Conseils au comptoir Conseils au comptoir


Éditorial pédagogique détaillant le plus souvent une pathologie ou un syndrome susceptible d’être rencontré à l’officine. Il peut également s’agir d’un sujet d’actualité de pratique professionnelle.

Les sources des informations utilisées sont citées en bas de chaque article. Ces liens permettent également d'approfondir le sujet.

Conseil au comptoir
Tabagisme : comment arrêter de fumer ?

Aujourd’hui, le tabac est la première cause de mortalité évitable dans le monde, tuant près de 6 millions de personnes chaque année. Pourtant, des solutions existent. On observe effectivement que 10 à 15% des fumeurs souhaitant arrêter y parviennent lorsqu’ils ont recours à une aide, contre 5 à 10% sans cette aide.

LE TABAGISME
Le tabagisme est une toxicomanie liée à la présence de nicotine que l’on retrouve dans tous les produits à base de feuilles de tabac tels que la cigarette, le tabac à pipe ou le cigare.
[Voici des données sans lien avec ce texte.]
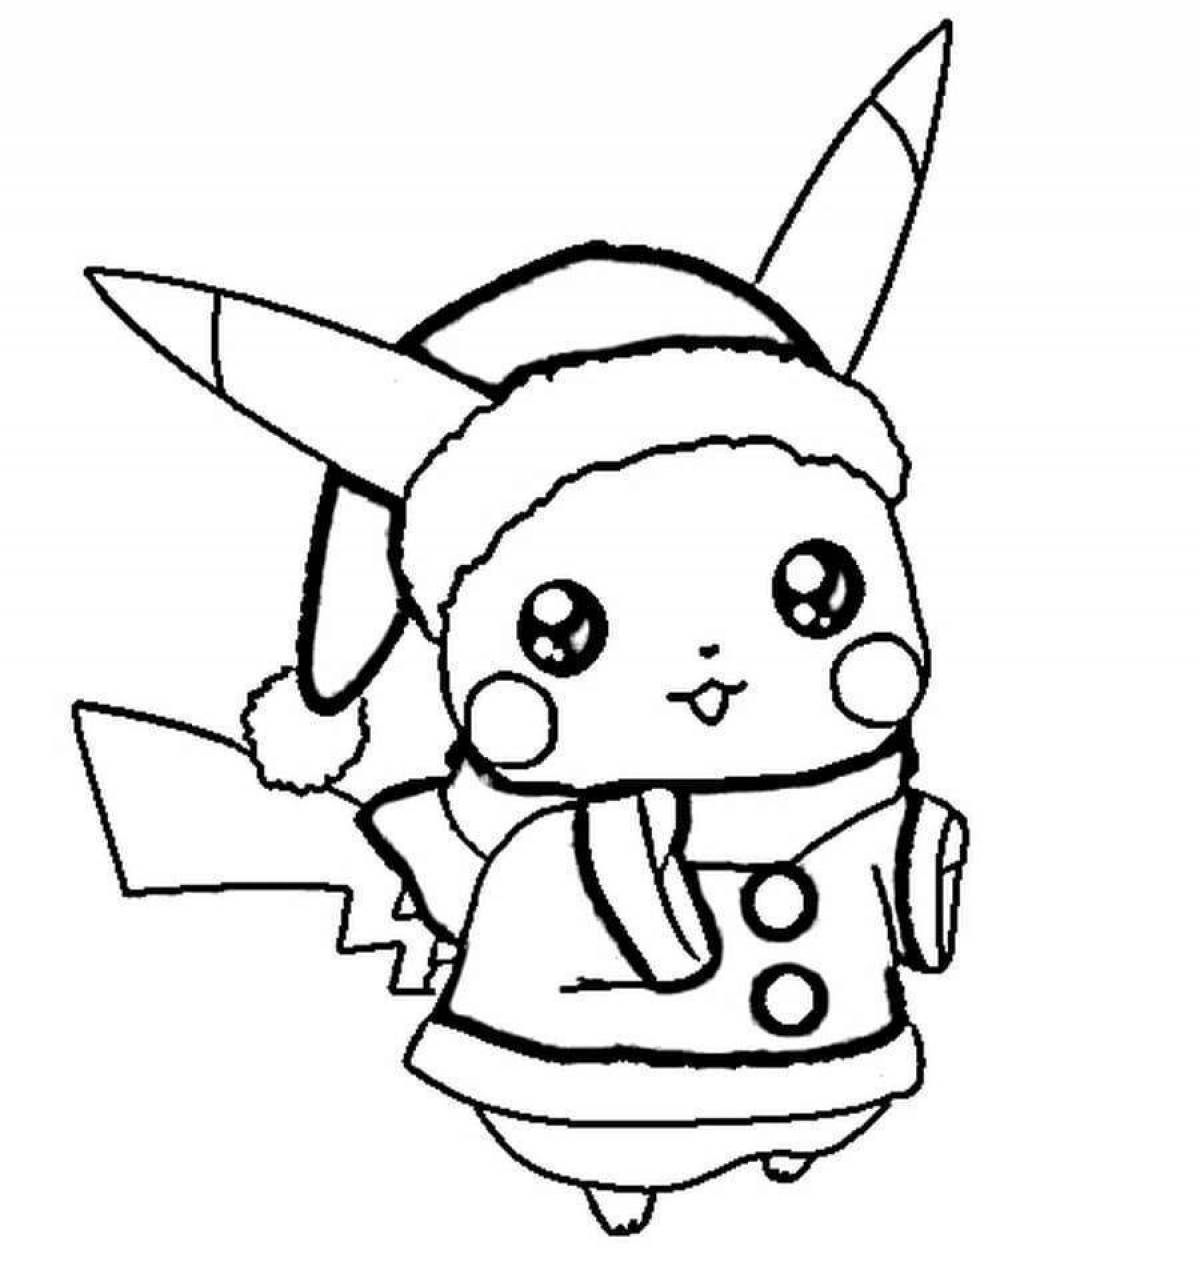 Glorious pikachu coloring pages for girls

En effet, la nicotine entraine une accoutumance et une dépendance physique par la libération de dopamine. Celle-ci réduit l’anxiété et l’appétit mais améliore aussi la mémoire, ce sont ces effets de « plaisir » qui rendent difficile l’arrêt. Si c’est bien la nicotine la responsable de cette dépendance, elle n’est pas le véritable danger pour la santé. Lors de sa combustion, le tabac libère plus de 4 000 substances chimiques dont environ 50 cancérigènes (monoxyde de carbone, goudron, arsenic, formaldéhyde, benzène…). Ces substances sont responsables de nombreuses maladies comme les maladies cardiovasculaires, certains cancers…, pouvant entrainer une baisse de l’espérance de vie d’environ 10 ans.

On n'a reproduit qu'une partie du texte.